Digitizing = scanning a document and keeping a digital copy; the paper original stays with you. Destruction (in Hebrew, bi'ur) = destroying the paper original. Anyone can digitize themselves, anytime, with no approval. Destruction is permitted only after you meet every condition in Israel Tax Authority Circular 9/2013. You do not have to destroy the paper to enjoy the benefits of going digital.
Can I throw away a paper invoice after I scan it?
Scanning alone is not enough. To legally destroy (bi'ur) the paper you must meet every condition in Circular 9/2013: a readable file identical to the original, marking it as a 'scanned document', two approved electronic signatures, a proper archive, and the required reports for that year filed. Some of these (the marking and the signatures) happen through your bookkeeping software or accountant, not by hand. But note: you don't have to destroy it - you can simply scan, keep a digital copy, and keep the paper original.
I'm a small business - can I do this myself?
The digitizing - absolutely, yourself and with no approval: scan, run OCR, convert to PDF/A, and back up. The destruction part (shredding the paper) - the marking and the approved signatures go through bookkeeping software (many already include this) or your accountant. The simple path for most small businesses: digitize everything for convenience, and keep the paper for seven years.
Which documents does this apply to?
Documents you received from a third party - a supplier or a customer (officially, 'external documentation'): receipts, delivery notes, invoices, tax invoices, credit notes, and purchase orders. Documents you generated yourself by computer (e.g. invoices you issue to customers) can be kept digitally anyway.
What is an 'approved electronic signature'?

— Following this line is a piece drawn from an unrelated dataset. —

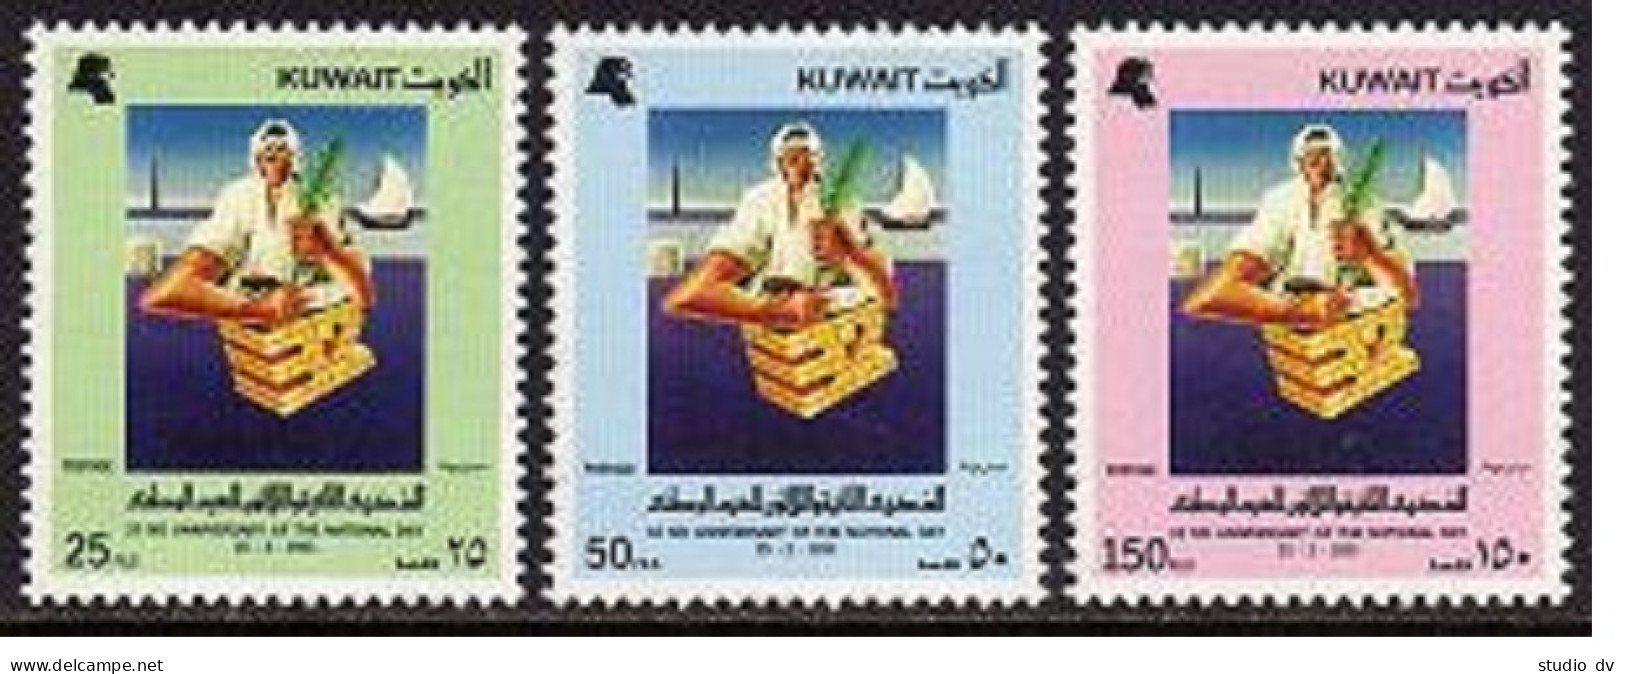 Kuwait 1208-1210, MNH. Michel 1305-1312 MH. 32th National Day, 1983. Ship. - Kuwait
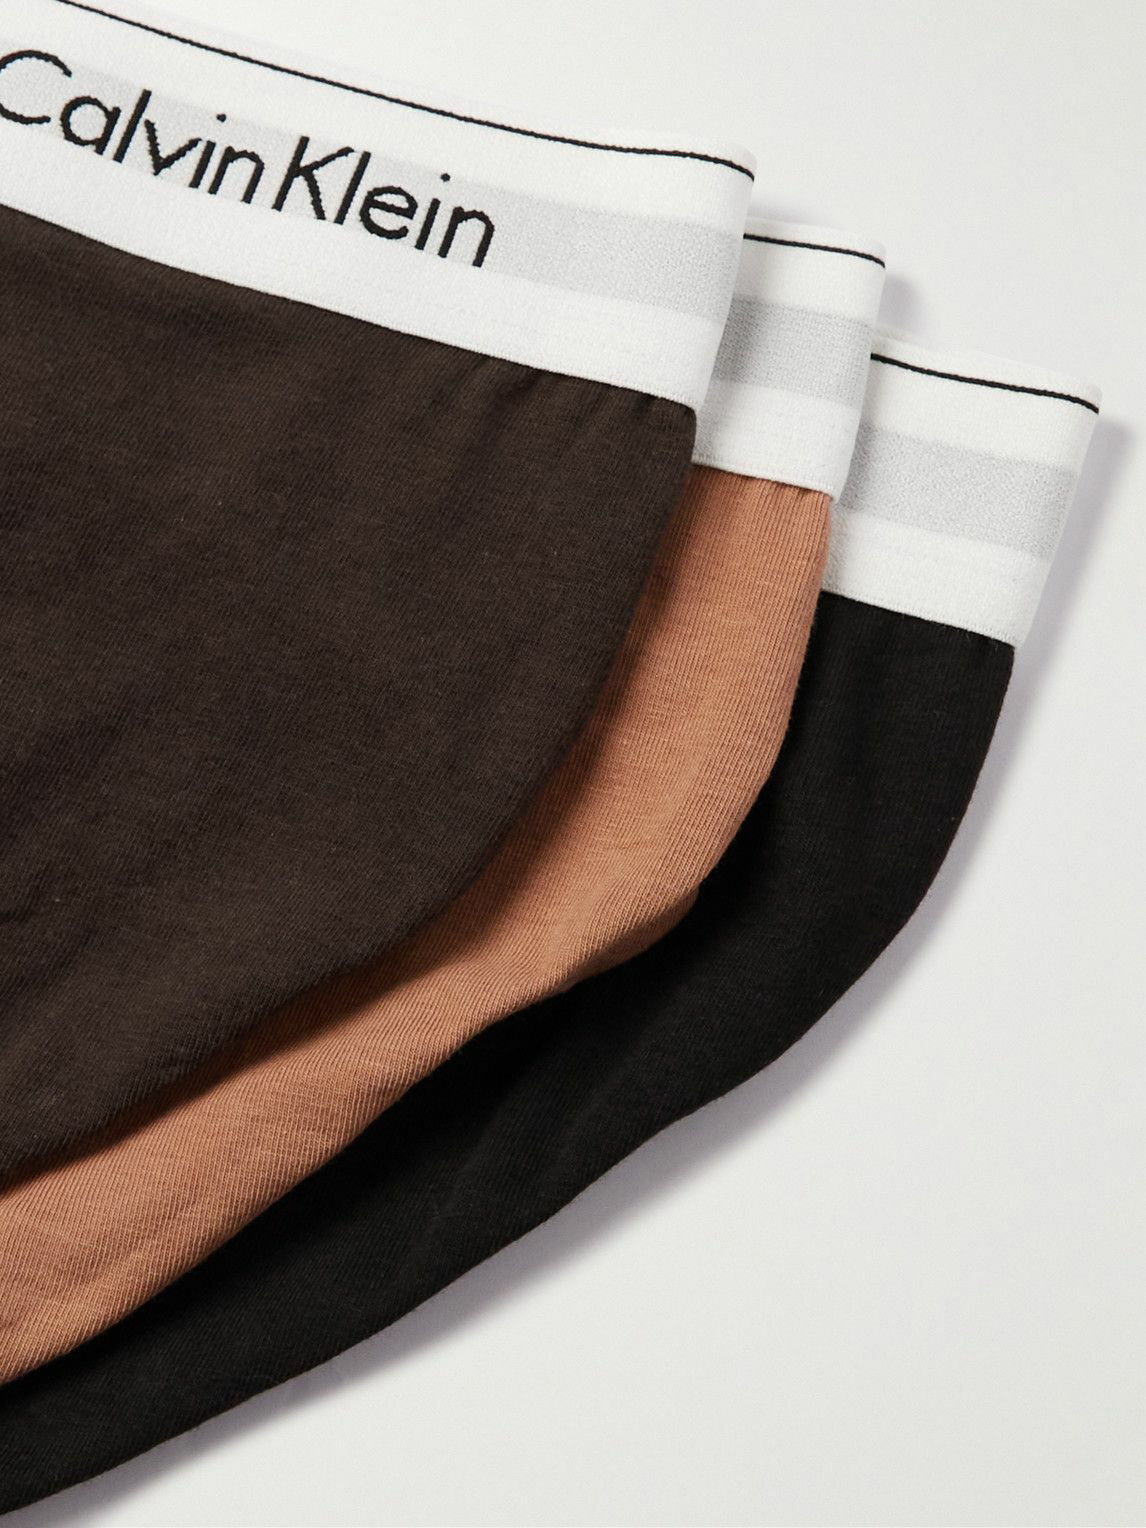 Calvin Klein Underwear Three-Pack Black Reconsidered Steel Boxer Briefs  Calvin Klein Underwear

It is not a mouse signature or typing your name. 'Approved' means a digital signature backed by an official certificate from a licensed authority (such as Comsign or PersonalID). Destruction needs two: yours, confirming the original was scanned in full, and a second person's, who checked each file is identical to the original. Many bookkeeping systems include these signatures, so you don't handle it by hand.
How long must I keep the digital file?
Seven years from the end of the tax year, or six years from filing the return for that year, whichever is later (section 25). If you destroyed the paper, the digital file replaces it for the whole period, so it must stay accessible, backed up and readable.
What format should I store the files in?
PDF/A is recommended - a format built for long-term preservation: all fonts are stored inside the file so it opens identically years from now. We have a dedicated guide and tool for converting to PDF/A.